Thank you for sharing this quote-
“The way to block errors that originate in System 1 is simple in principle: recognize the signs that you are in a cognitive minefield, slow down, and ask for reinforcement from System 2.”
It is my prayer that you will be able to recognize the signs of being in a cognitive minefield and respond by slowing down and getting support from your slower processing system. I bet prayer and meditating on Scripture is in our system 2 thinking. I hope God is bringing to your mind verses that bring comfort and hope!
Thank you Kristy. I am grateful for your friendship and your prayers. I am doing much better today. I still do not have answers as to what my next steps are, if there are any, but I am trusting that God is taking care of me. My husband even commented to me this morning that he noticed I was doing better and that my resilience has grown. I was knocked down for a day, but not for a week or a month. Learning to sit in the uncomfortable is not an easy thing, but so worth while. Sitting in the uncomfortable is engaging System 2 thinking. We do not naturally want to deal with those feelings. We would rather be lazy and ignore them, but that does not help resolve anything. I think part of learning resilience is learning how to engage our System 2 thinking.
Becca,
Thank you for sharing so vulnerably. It is certainly frustrating to navigate insurance coverages, test and disappointment with the news.
Your reflections brought to mind how resilient you are. You have built up the cognitive, slow thinking muscle to guard your mind when it wants to fixate on this least-desirable outcome. Processing this experience through Kahneman is a great exercise in taming those first and persistent thoughts. Thank you for allowing us to be part of this with you.

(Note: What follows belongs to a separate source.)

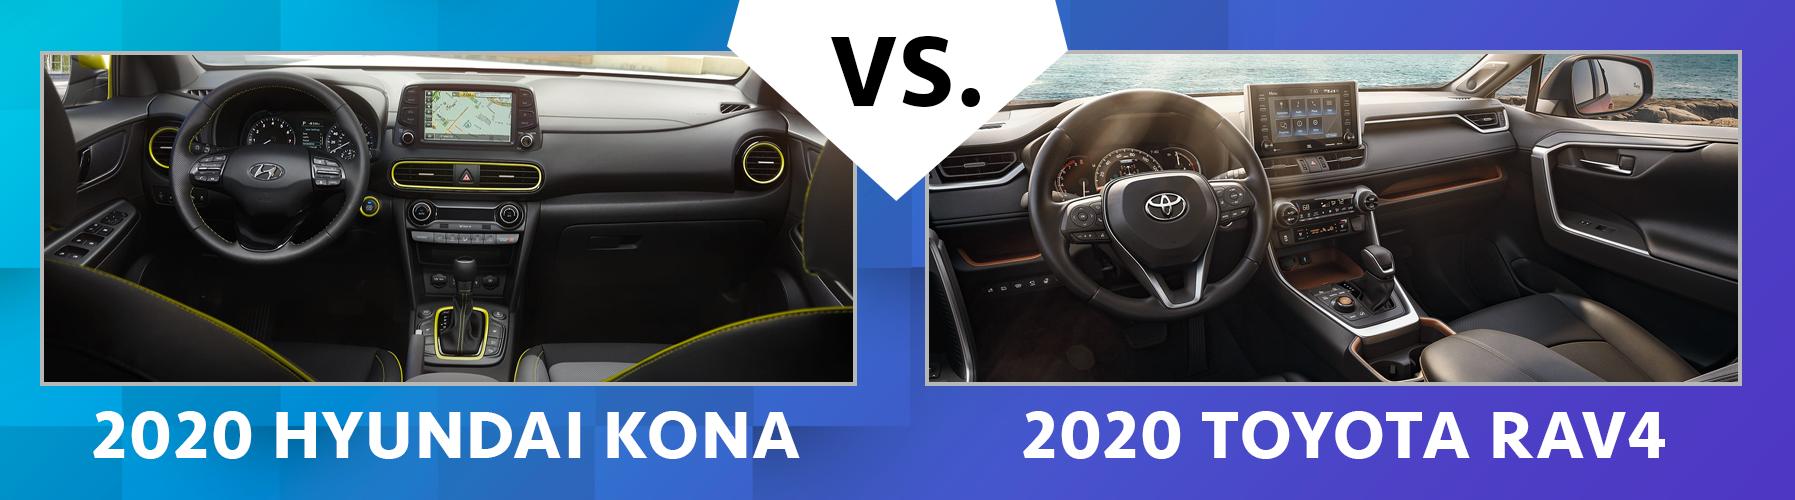 Compare 2020 Hyundai Kona vs 2020 Toyota RAV4

I’m prayerfully hoping for an expedient solution for your medications.
Hey Becca,
As always, thank you for your vulnerability and honesty in your writing. It is beautiful to read, though, I imagine, painful to experience. Yes, this is deeply disappointing. I am sorry for these test results. I am amazed at your ability to bring in what you have learned through Kahneman and recognize you were “in a cognitive minefield.” This has inspired me to take time when I am experiencing disappointment, or whatever difficult emotions I may experience, to process and seek reinforcement from system 2. For, as you quoted from Kahneman, “Nothing in life is as important as you think it is when you are thinking about it.”
Becca, I appreciate you sharing about the difficulties in writing especially during a week where your thoughts are rightfully somewhere else. How you relate the book’s contents to what you’re experiencing at the end is so clear, concise, and practical. Thank you!
Becca,
I appreciate your vulnerability and honesty in your post. Your writing is gift. I loved the quote that you selected, “Nothing in life is as important as you think it is when you are thinking about it.”
At times I think that we can overthink things and dwell on them. Because you are a high achiever its hard to to quiet thoughts that seem daunting. You are also a fixer, and its frustrating for things to be out of our control.
I pray that you find an answer for your insurance and your body.